Things are different now.  I have learned a tremendous amount about boundaries and their necessity, and I have established some.  Rather than delineate them here, I prefer to let them unfold as needed.  As you know, I've never been a fan of the thou shalt nots and part of the habit of behavior I'm trying to change is the need to control for every possible outcome.  The most important thing you need to know is that some things I tolerated in the past are no longer acceptable.  And some patterns that we established, I am no longer willing to continue.  When the moments inevitably arise, I can inform you that you've hit a boundary, but I think it will be pretty obvious.  However, if you are ever unclear or unsure, please ask.  I trust us to figure it out.

In the past, I fell into the habit of caretaking.  I gave help whether I was asked for it or not, and whether it was needed or not.  I see now that this behavior can be taken to the extreme, and when it is, it hurts both you and me.  And I don't doubt that there were times when when you enforced your boundaries against my caretaking, and I felt threatened.  I have learned more about this and feel (relatively) confident that when it comes up again, I will not take your enforcement of your boundary as rejection, but rather as a way to love you on your terms.  I hope your reaction to my boundaries will be similar.

I have a long way to go, and I recognize that.  The biggest thing I need from you, Friend, is this:  If you are unsure of my intent and motivations, please ask, rather than fill in the blanks yourself.  I know this is a big request, especially since in the past, I was less aware of and less honest about my true feelings.  I understand the need to fill in the blanks when there are so many blanks that need to be filled.  I've learned what happens when I leave room for interpretation.

My commitment to myself - and by extension to you, Friend - is to own my feelings.  I will own them all - the flattering, attractive ones, the pitiful needy ones, the ugly ones - all of them.  What you think of me - your opinion of me - is none of my business.  What you do with that opinion and how you treat me as a result IS.  So rather than worry about your perceptions of me, I'm going to do my very best to give you accurate data from which to draw conclusions.  The rest is beyond my control.

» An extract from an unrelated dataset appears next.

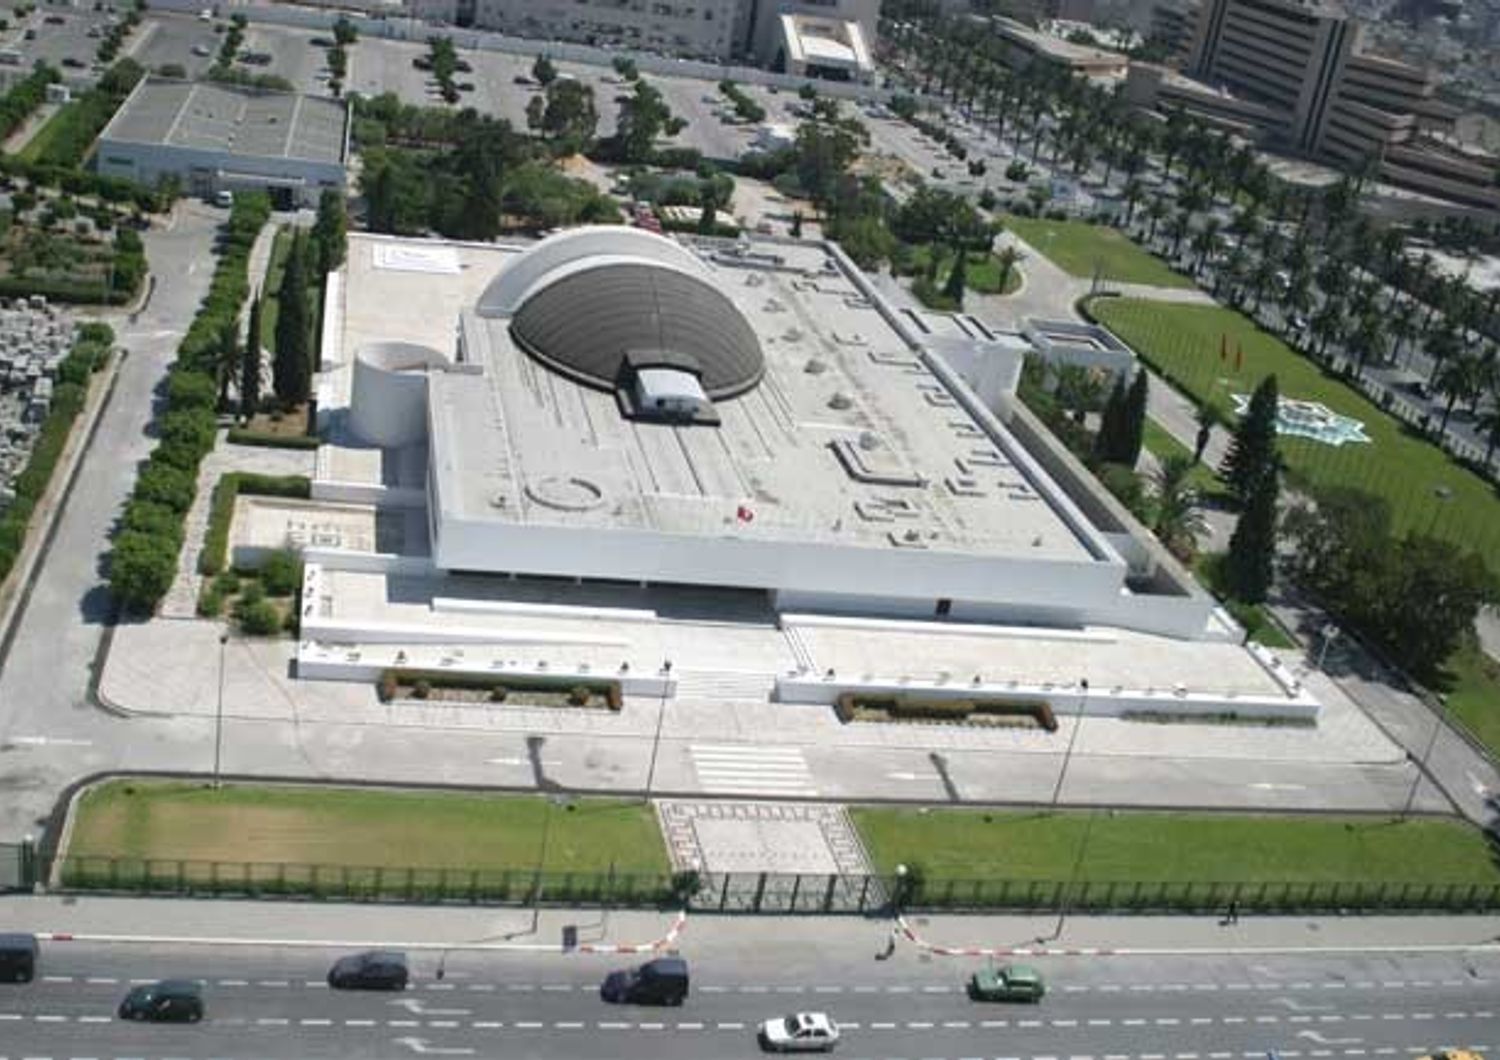 Tunisia - Tunisi, Palazzo dei Congressi (Tunisia 2020)

I'm sorry I didn't trust you enough to be completely honest from the very beginning.  It wasn't personal or aimed at you, and it certainly didn't affect only you.  I had to learn to love and accept all these parts of myself before I could even imagine them all being loved and accepted by someone else.

Thank you for sticking around during that not-so-great time.  I'm grateful for your friendship.